• [YOUR TASK]
Everything in the listing must be repeated exactly, apart from the images.

--- DATA Enclosed Below ---

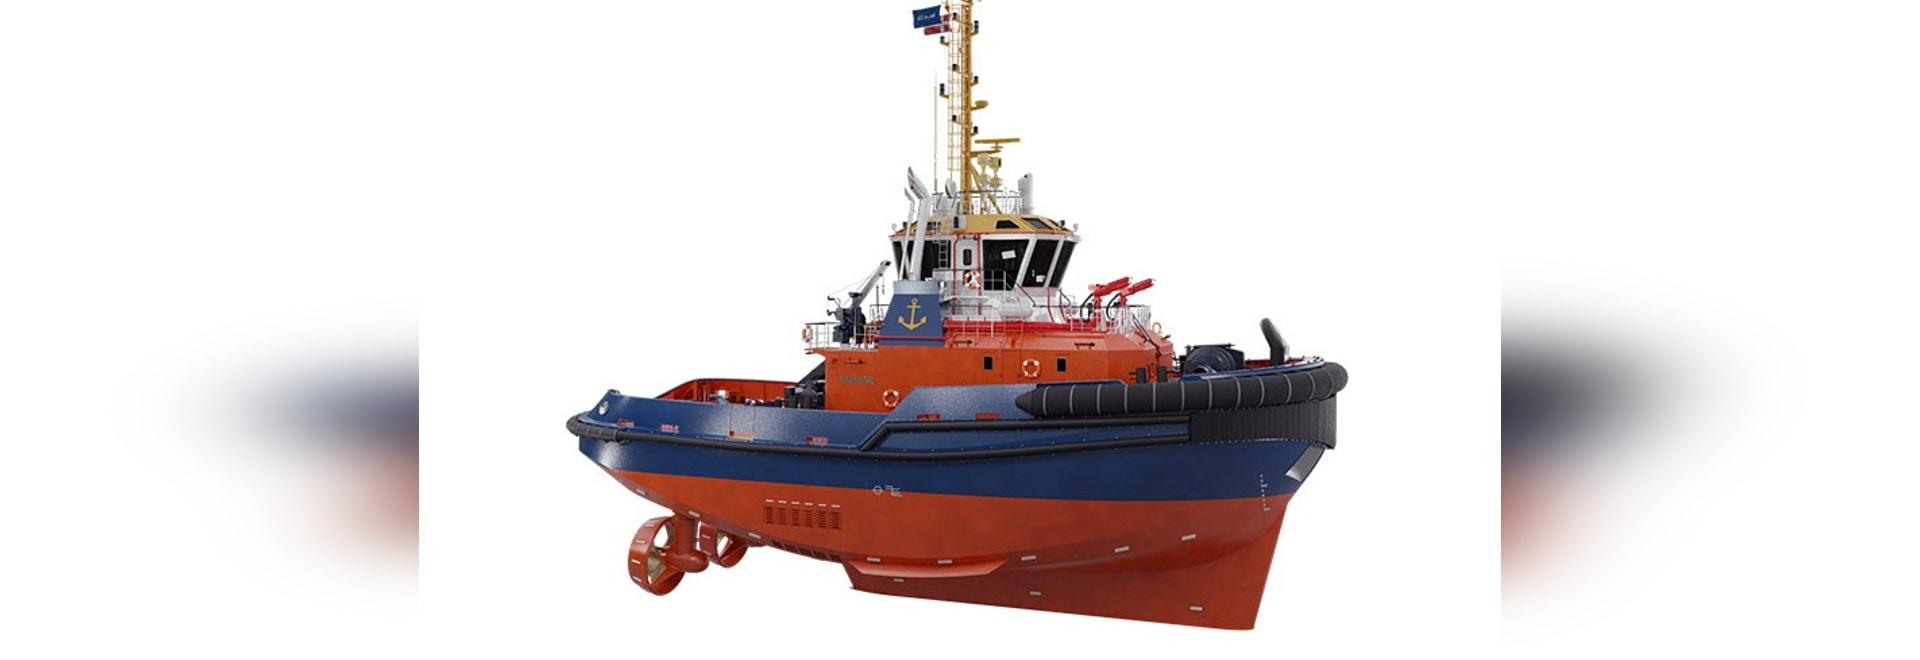 Tug is on order at Turkey's Uzmar Shipyard for Port of Aarhus, Denmark
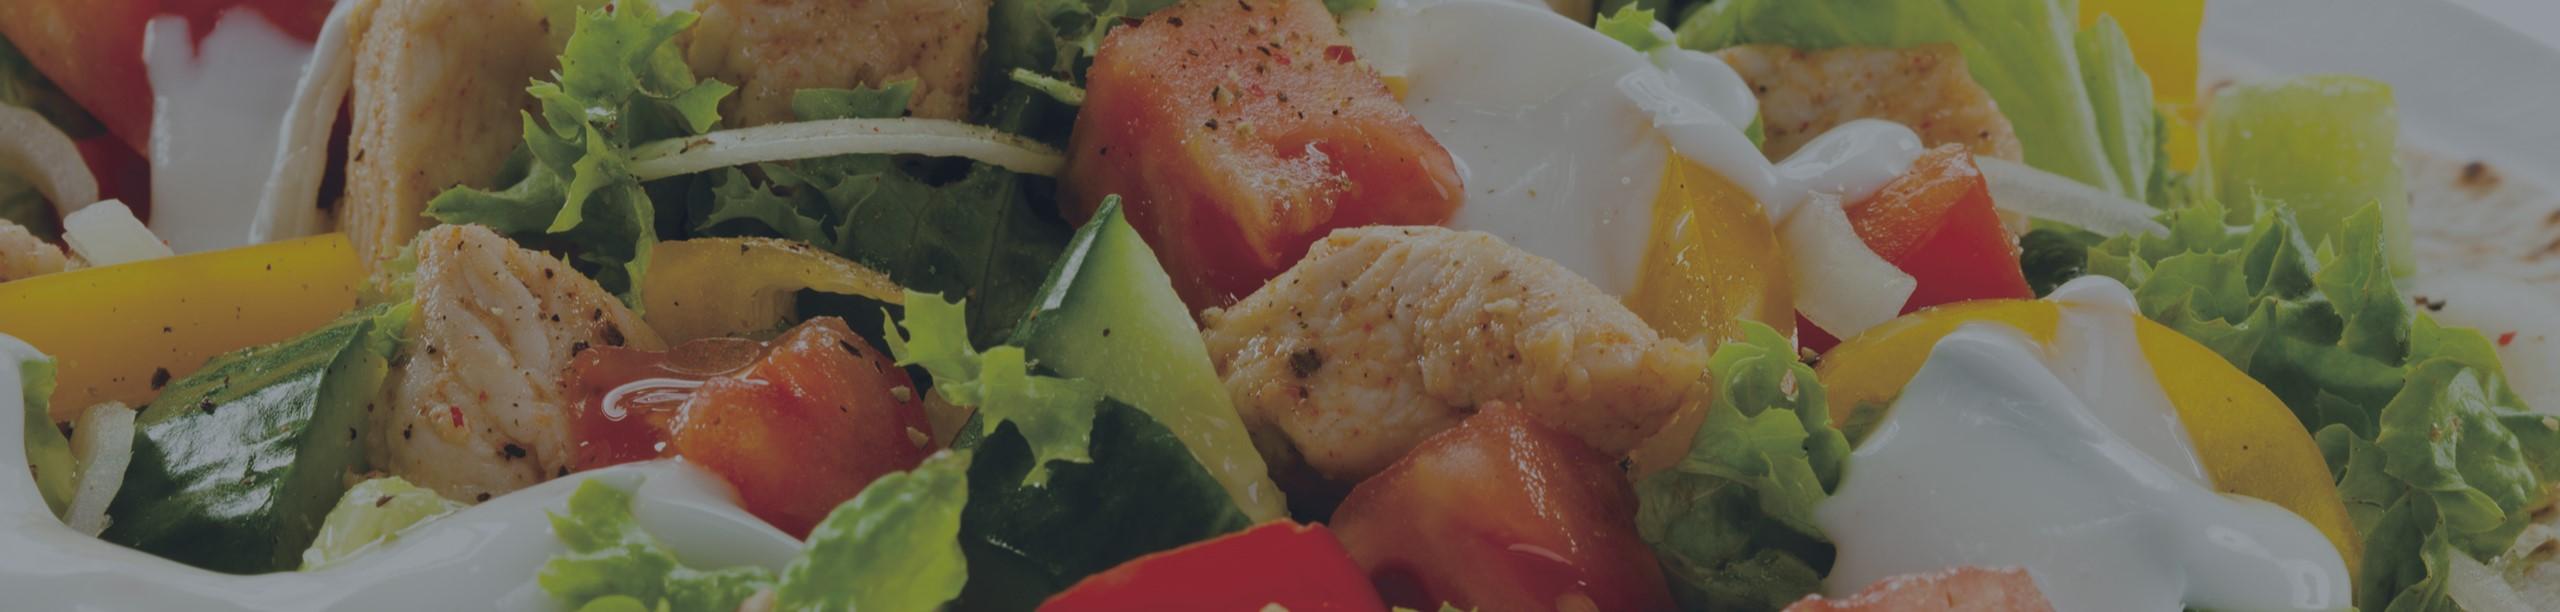 Salad1-1
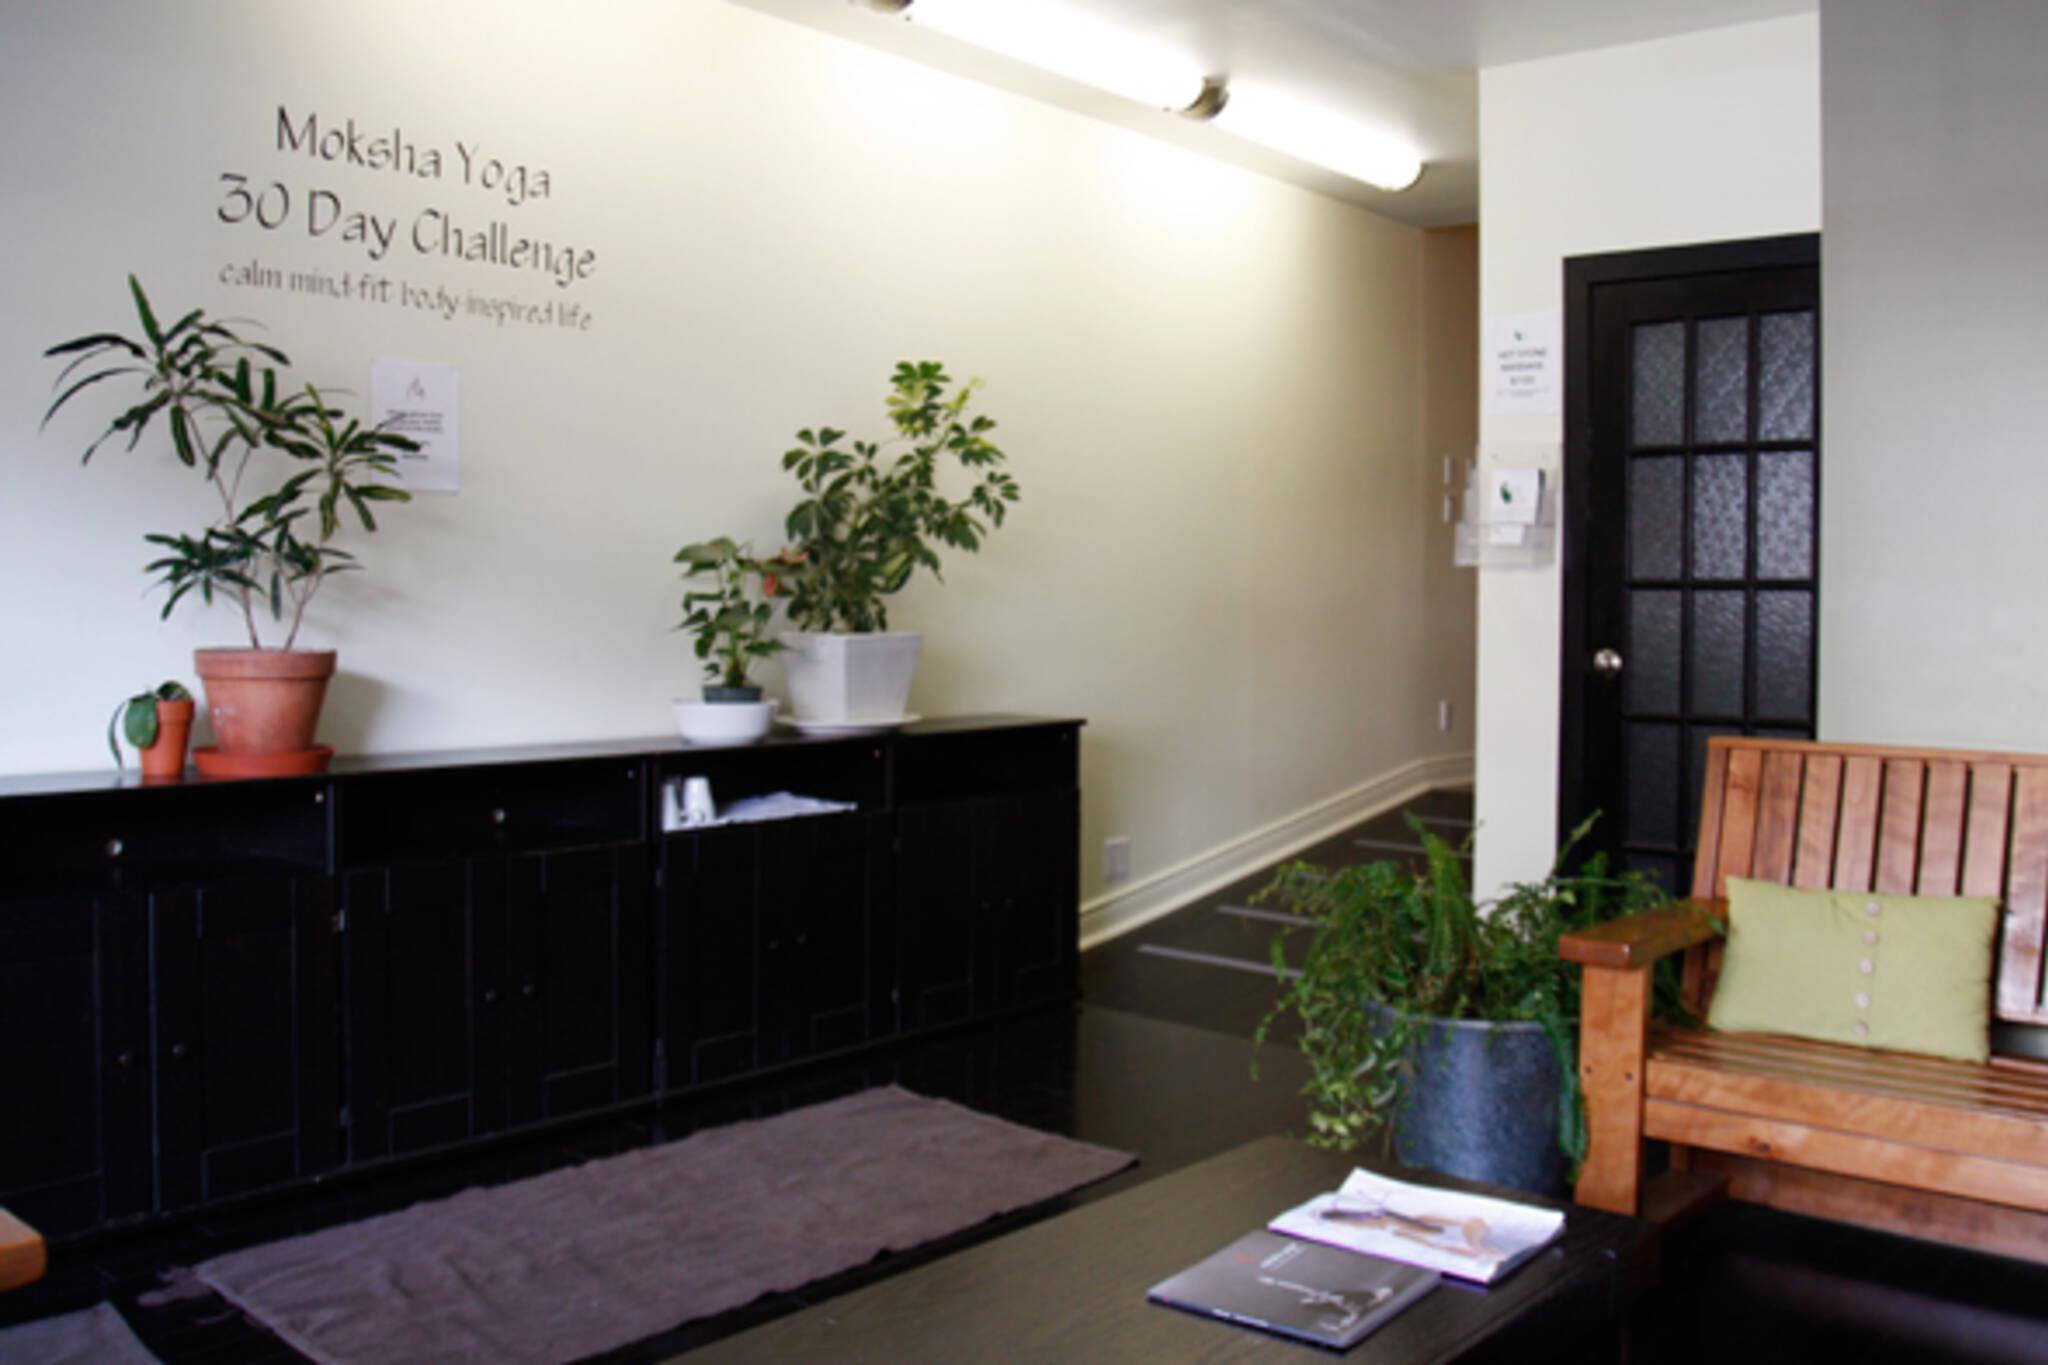 Moksha Yoga Toronto

--- End of Enclosed DATA ---

• [RESULT OF THE EXERCISE]
 Tug is on order at Turkey's Uzmar Shipyard for Port of Aarhus, Denmark
 Salad1-1
 Moksha Yoga Toronto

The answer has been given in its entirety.